Of course, all of these criticisms have some merit. These points of view have been discussed, and even held, by various Catholic scholars. In brief, it can be answered that the Church, like other medieval institutions, was a product of its times, and carried within it some of the social inequities and national prejudices of the age. The Crusades of the Teutonic Knights in the Baltic certainly had little to do with the spirit of the Gospels. Yet the Church has never really claimed perfection in the temporal sphere, where its activities are carried out by fallible human beings; it only claims that it embodies the true faith in leading its flock toward salvation of the spirit. In any case, it is difficult to see how a Lithuanian turn to the Orthodox East, the only other viable Christian alternative at the time, would have alleviated any of the problems mentioned above, except to replace Polish domination with Russian cultural hegemony.

There is another problem with Lithuania's Christianization in 1387. Some say that the date is an artificial construct; that King Mindaugas' baptism of 1251 is, in fact, the starting point of Lithuanian Christianity and is the real date of Lithuania's baptism. There is some validity to this point of view as well, inasmuch as it is clear that Christianity, both in its Orthodox and Roman Catholic forms, had penetrated Lithuania long before 1387. Only last year archaeologists in Vilnius discovered the foundations of what would appear to be a large cathedral dating back to Mindaugas' reign, that is, the thirteenth century, and published their findings in the magazine Kultūros Barai.
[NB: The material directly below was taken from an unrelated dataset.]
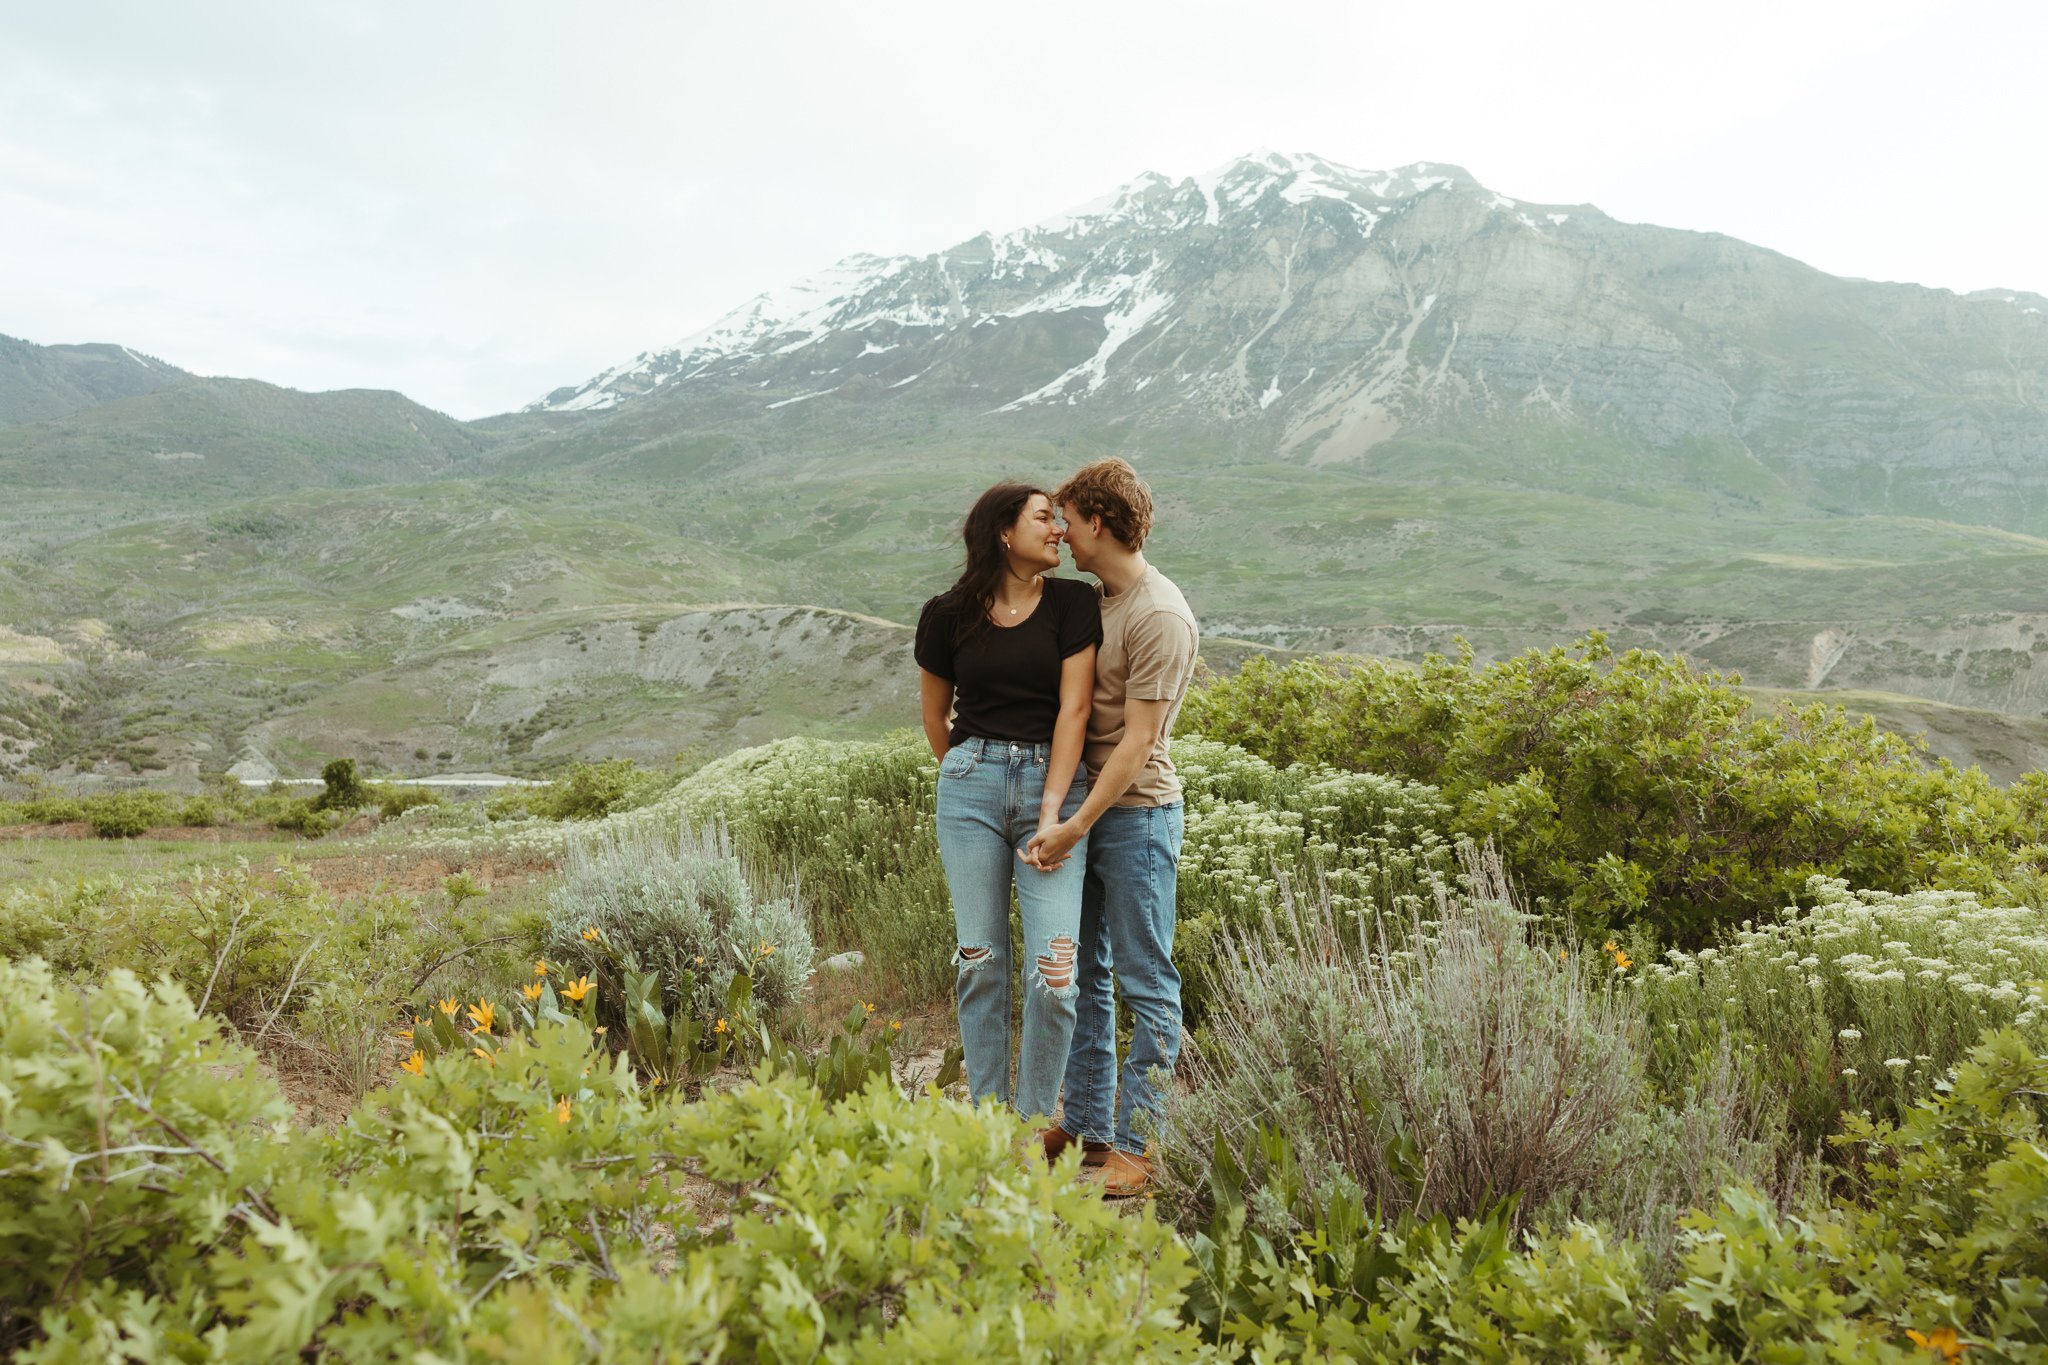 Spring-Provo-Canyon-Wildflowers-Engagement-Session-24

There is evidence that, even before the mission of 1387, there were at least three Catholic churches in Vilnius, as well as several Orthodox ones. Furthermore, one must agree that the date of 1387, like other historical 'anniversaries that we commemorate, is somewhat arbitrary; that is, it tends to assume greater significance in retrospect and usually signifies a less dramatic beginning of a long and complex process rather than a sharp turn with immediately obvious results. In Lithuania, traditional pre-Christian practices did not disappear in 1387, nor did the majority of Lithuanians become ardent Catholics that year: the process took decades, in some areas, centuries. In 1387 Samogitia was still largely under the rule of the Teutonic Order and, thus, was not included in the missionary efforts and the establishment of Church administration that was centered in the Vilnius region.

Yet even if the immediate effects of Lithuania's Christianization of 1387 were not overly dramatic, there are still good reasons for considering it a crucial event worthy of commemoration. It is significant that, while Mindaugas' successors tolerated and permitted the existence of both Eastern and Western Christianity within Lithuania, they themselves clung to the traditional Lithuanian religion, even when, like Algirdas, they married Christian wives. Before Jogaila, none of the Lithuanian rulers formally acknowledged the Pope as the spiritual leader of their state, and the very fact that they continued to negotiate with the West (and the East) for the baptism of their subjects into a Christian "realm" suggests that they considered themselves outside of it. Furthermore, after 1387 there was no official reversion to traditional religion or, if you will, "paganism." If we are to measure historic turning points in terms of choosing alternatives and initiating decisive trends, then 1387 is one such point in Lithuanian history.

 

1 This introduction is excerpted from a forthcoming book surveying the history of Christianity in Lithuania.